Modern technology is currently revolutionizing the study of the dynamic universe. The telescopes were made robotic and equipped with high-definition digital cameras, which can feed data into image processing and pattern recognition computer programs. These machines regularly monitor large swaths of sky, keeping a digital eye out for anything that might suddenly appear in the night sky. Over the past ten years or so, this new technological capability has allowed astronomers to discover thousands of new stellar explosions each year. The number of new supernovae we find every week is equal to the number of supernovae observed throughout the 20th century.

Not only are we collecting more supernovae, we are also discovering new and different types of them. There are stellar explosions that shine with an incomparably intense light, 100 times brighter than normal supernovae; Others are actually 100 times dimmer. Some of them are painted deep red; others in ultraviolet. Some glow in bright light for years; Others fade within a few days. It turns out that stellar death is much more diverse than we imagined.

Astronomers are still trying to decipher what is behind these strange stellar explosions. There is no doubt that they tell us something important about the life and death of stars and about the physics under the most extreme conditions of temperature, pressure and gravity. We hope that by fully exploring the supernova zoo, we can finally understand what causes stars to disintegrate and turn into dead stellar ruins such as black holes.

Supernovae can also teach us something about where we came from. After the Big Bang, the universe contained mainly the lightest elements: hydrogen and helium. According to the theory, all the other elements we encounter - the calcium in our bones, the iron in our blood - were forged in nuclear fusion processes inside exploding stars and blown out of them. Scientists used to think that routine supernovae created all the heavy elements, but the discovery of so many out-of-sync explosions now suggests the possibility that different slots in the periodic table have different origins. By observing a large number of diverse supernovae, we are getting closer and closer to being able to understand precisely how a variety of stellar explosions could have contributed to the mix of elements that make up our planet and all life on its surface.

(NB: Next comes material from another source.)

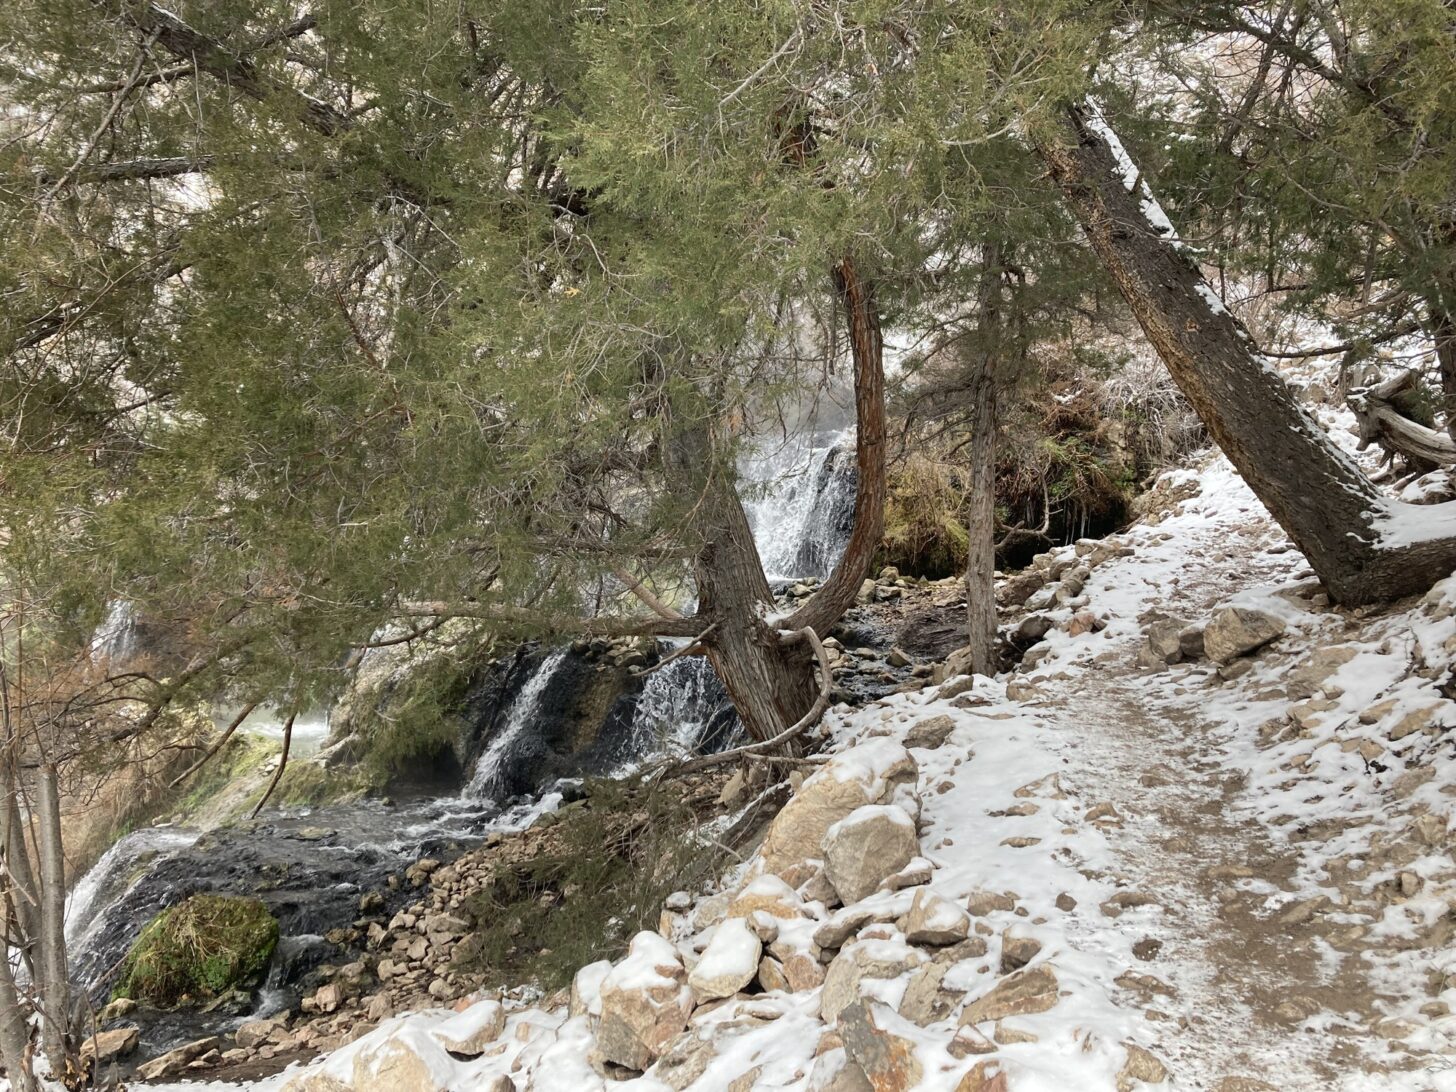 A snowy trail is next to a cascading creek of hot water.

The remnants of the Cygnus loop supernova in ultraviolet radiation. Source: NASA.
The remnants of the Cygnus loop supernova in ultraviolet radiation. source: NASA.

Stellar catastrophes

In order to understand how strange some of the supernovae we discover are, let us first of all look at a typical supernova, which is also a phenomenon definitely worthy of note. A star is like a stable nuclear reactor: a huge ball of plasma, held together by gravity and fueled by nuclear fusion occurring in its dense core. The heat emitted from the fusion creates pressure that opposes the inward pull of gravity. A supernova explosion represents a type of catastrophic instability in this balance of forces: its victory sends the reins of gravity over nuclear combustion, or vice versa.

The most common type of supernova occurs in intermediate-sized stars, which are 10 or more times the mass of our Sun. These stars live for millions of years, constantly fusing hydrogen nuclei and turning them into nuclei of heavier and heavier elements. Once they have burned all their guts and turned them into iron, which is essentially nuclear ash, it is no longer possible to continue the fusion processes. Without this outward pressure, the star's inner core collapses under the pull of gravity, compresses to a million times smaller volume and becomes an ultra-dense mass known as a neutron star, which packs more mass than our Sun into a region no more than a few kilometers in diameter. The enormous energy released in this free fall blows up the rest of the star.

To get an idea of ​​the energy involved in a typical supernova explosion, imagine that our Sun burns through its entire supply of hydrogen in a few seconds - fuel that should be enough to sustain it for more than 10 billion years. This enormous amount of energy was given its own physical unit: a unit her daughter One (named after the Nobel laureate physicist Hans is her daughter). When a supernova explodes, the star's internal temperature exceeds 2.7 billion degrees Celsius, creating a supersonic shock wave that leaves in its wake a mixture of newly melted heavy elements, such as zinc, calcium, iron, and radioactive isotopes of nickel, cobalt, and titanium. Within a few minutes, the star explodes into a cloud of ash and radioactive fragments, which spray away at a speed of 30 million kilometers per hour, that is, a few percent of the speed of light.

Our sun, fortunately, is too small to ever go supernova. But if it were to happen, the first sign of it on Earth would be a brief flash of powerful X-rays that would destroy all life on the planet. Within a few minutes the solar debris cloud will swell to twice its size and be 1,000 times brighter than the Sun. After a few hours the cloud will envelop the Earth, and a day later it will engulf Jupiter and Saturn. After a few weeks, the solar ash will spread throughout the entire solar system. At this stage, the fragments will already become transparent, and the light that was trapped inside them will wash out, at a rate that will reach a peak of a billion units Solar luminosity, before fading.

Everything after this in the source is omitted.